All I can say is I am glad that the last word was left to Gilbert. I shall never forget the expression on his face as he looked over at me with eyes that said, Do you dare me, Miss Shirley? I couldn't stop grinning because I knew exactly what Gilbert was about to do ~ and didn't I love him for it ~ as he slowly, carefully, and with the sternest of faces, removed his boot and dropped it with a thud upon the lectern.

"My boot is a thing," he said. Ida, he was so serious, as though he was some famed explorer revealing his great discovery to the world. "Would you agree that this is a thing?" St Stephen's had no option but to agree, their clever faces going pale with woeful realisation. The audience, however, took a little longer to understand Gilbert's meaning. "It's old, it's worn," he declared, and then put his nose right up to it and took a deep sniff, "and smells like a wet dog. Now let us stand here for a moment and observe... if it gets any better?" Then he just stood there taking these good long sniffs and gravely shaking his head, "No, still not better ...still not better…"

Ida, I was a wreck by then, the insides of my cheeks were ragged. The exasperating boy made it ten times worse by winking at me, before taking the boot over to St Stephen's and asking if they would care to smell it themselves.

"No takers?" Gilbert said, straight-faced. "Could that be because this thing is not getting better?"

What could they say? They could either look like fools and argue that Gilbert Blythe's boot improved by the minute or admit that he was right. I could scarcely sum up for laughing!
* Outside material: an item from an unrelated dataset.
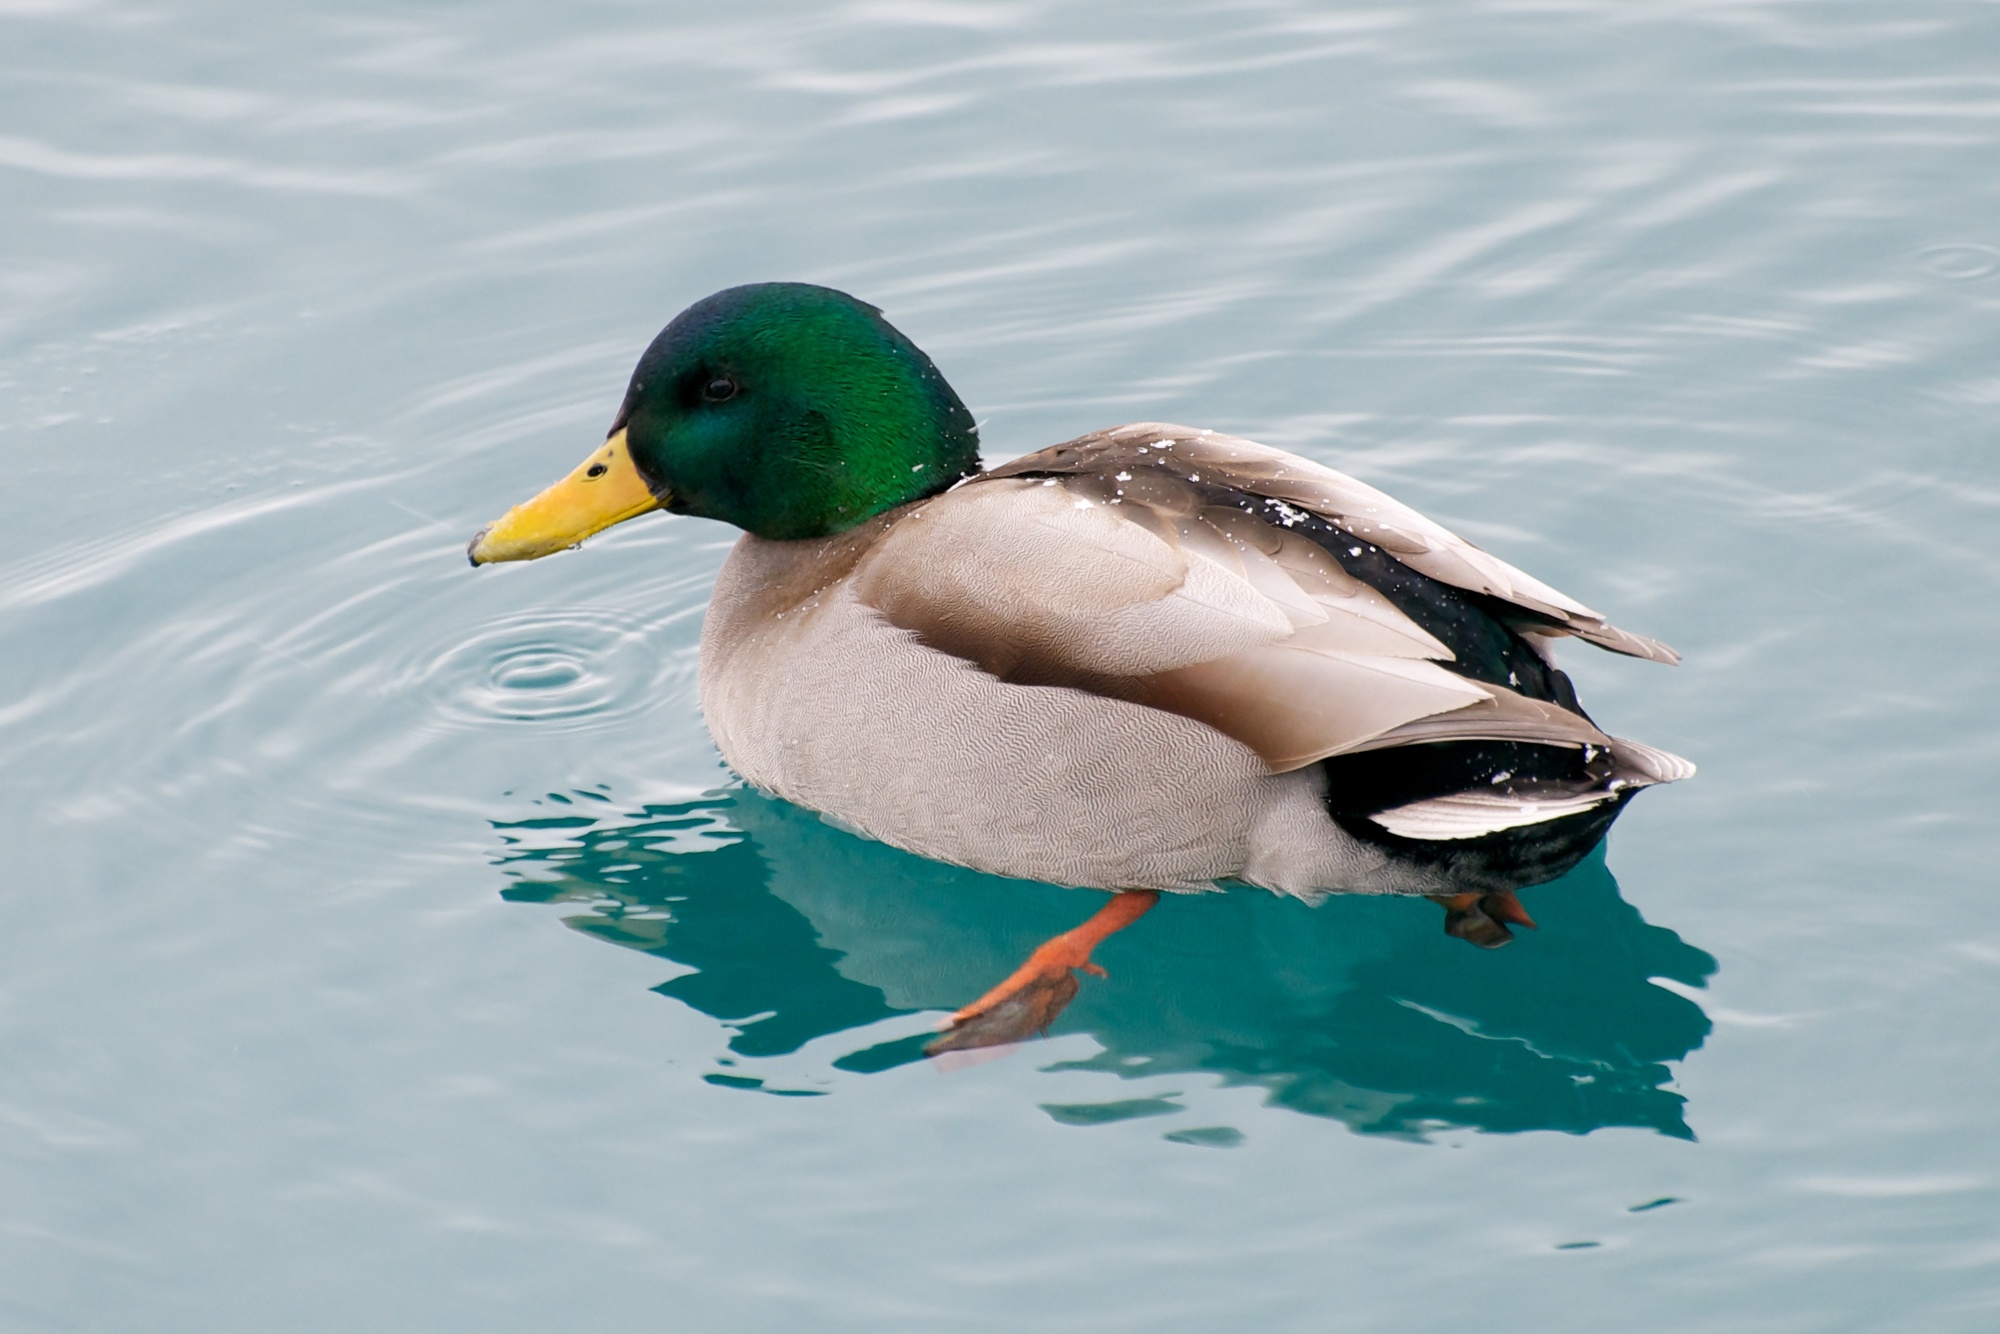 A healthy male mallard is shown. Mallards are dabbling, non-diving ducks.
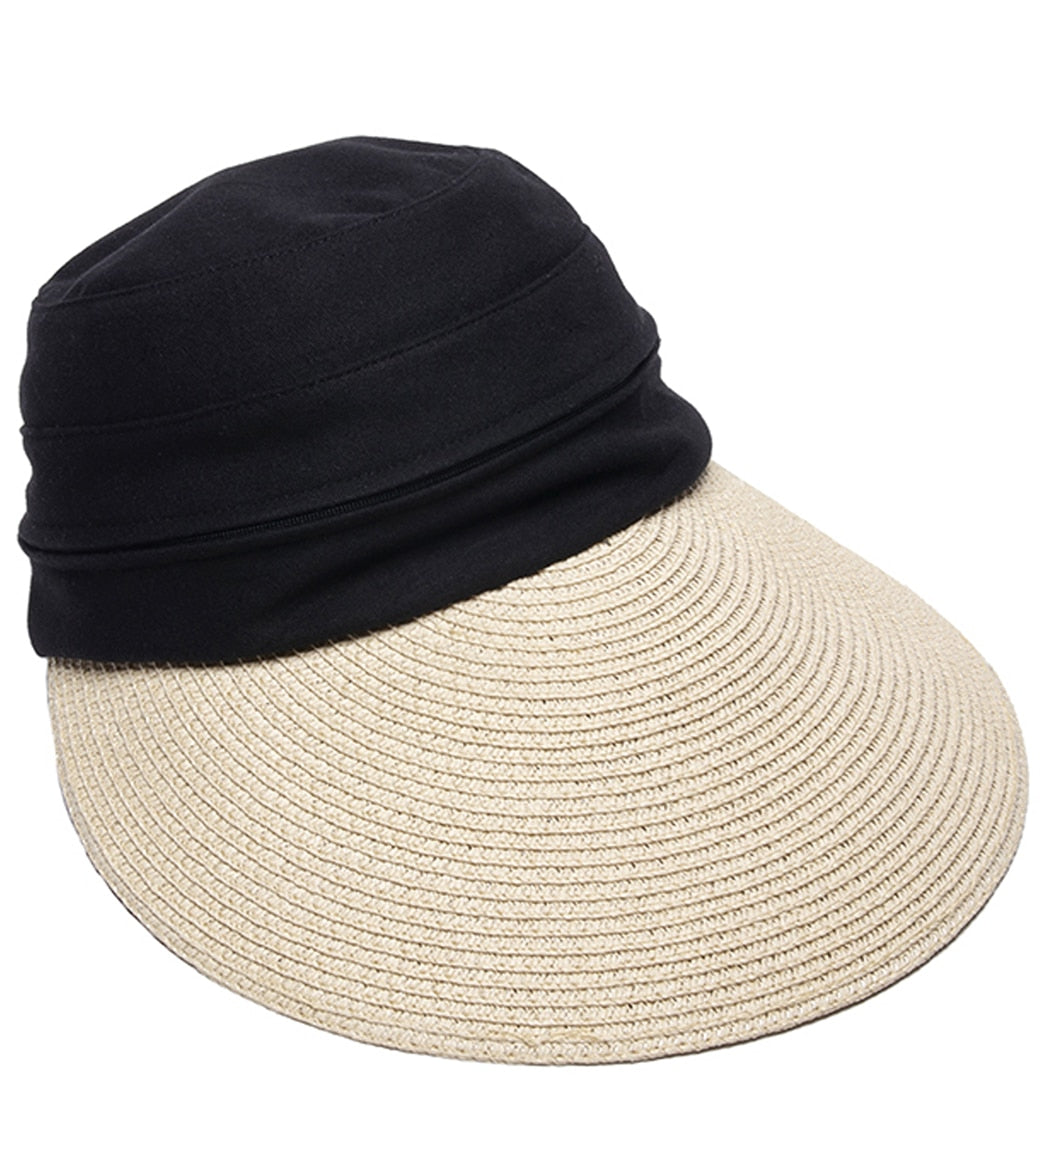 Physician Endorsed Women's Bimini Hat - Natural/Black Adjustable - Swimoutlet.com

For the remainder of the evening it was boots, boots, boots! There was a moment where I thought we would be made to sip our champagne from them. To be honest, Ida, I rather wondered if it hadn't been strained through one. Champagne has such a mushroomy taste, not unpleasant but give this Island girl a crispy, cold cider any day. Except today. Though I haven't spied my sorry self in the mirror, I can guess I look as pale and crumpled as the sheets I am buried in.

I will have to emerge soon, however. Peg has promised me sole use of the kitchen in order to prepare a belated birthday supper for all my friends. I'm making chowder, though it will only have four kinds of seafood. It is just one of the pitiful consequences of being born in March. Not only is every delicious thing always out of season but I am always too busy revising to have time to celebrate properl-

My apologies for that gigantic smear across your page, Ida darling. Wicked Miss Grant just leaped upon me! Now I know how alarmed Josephine Barry must have been ~ though I doubt she felt quite so wretched as I do. But I shall forgive Priss easily enough, for the reason she is so excited is because she made a secret excursion to the fish market this morning and found me some early season clams!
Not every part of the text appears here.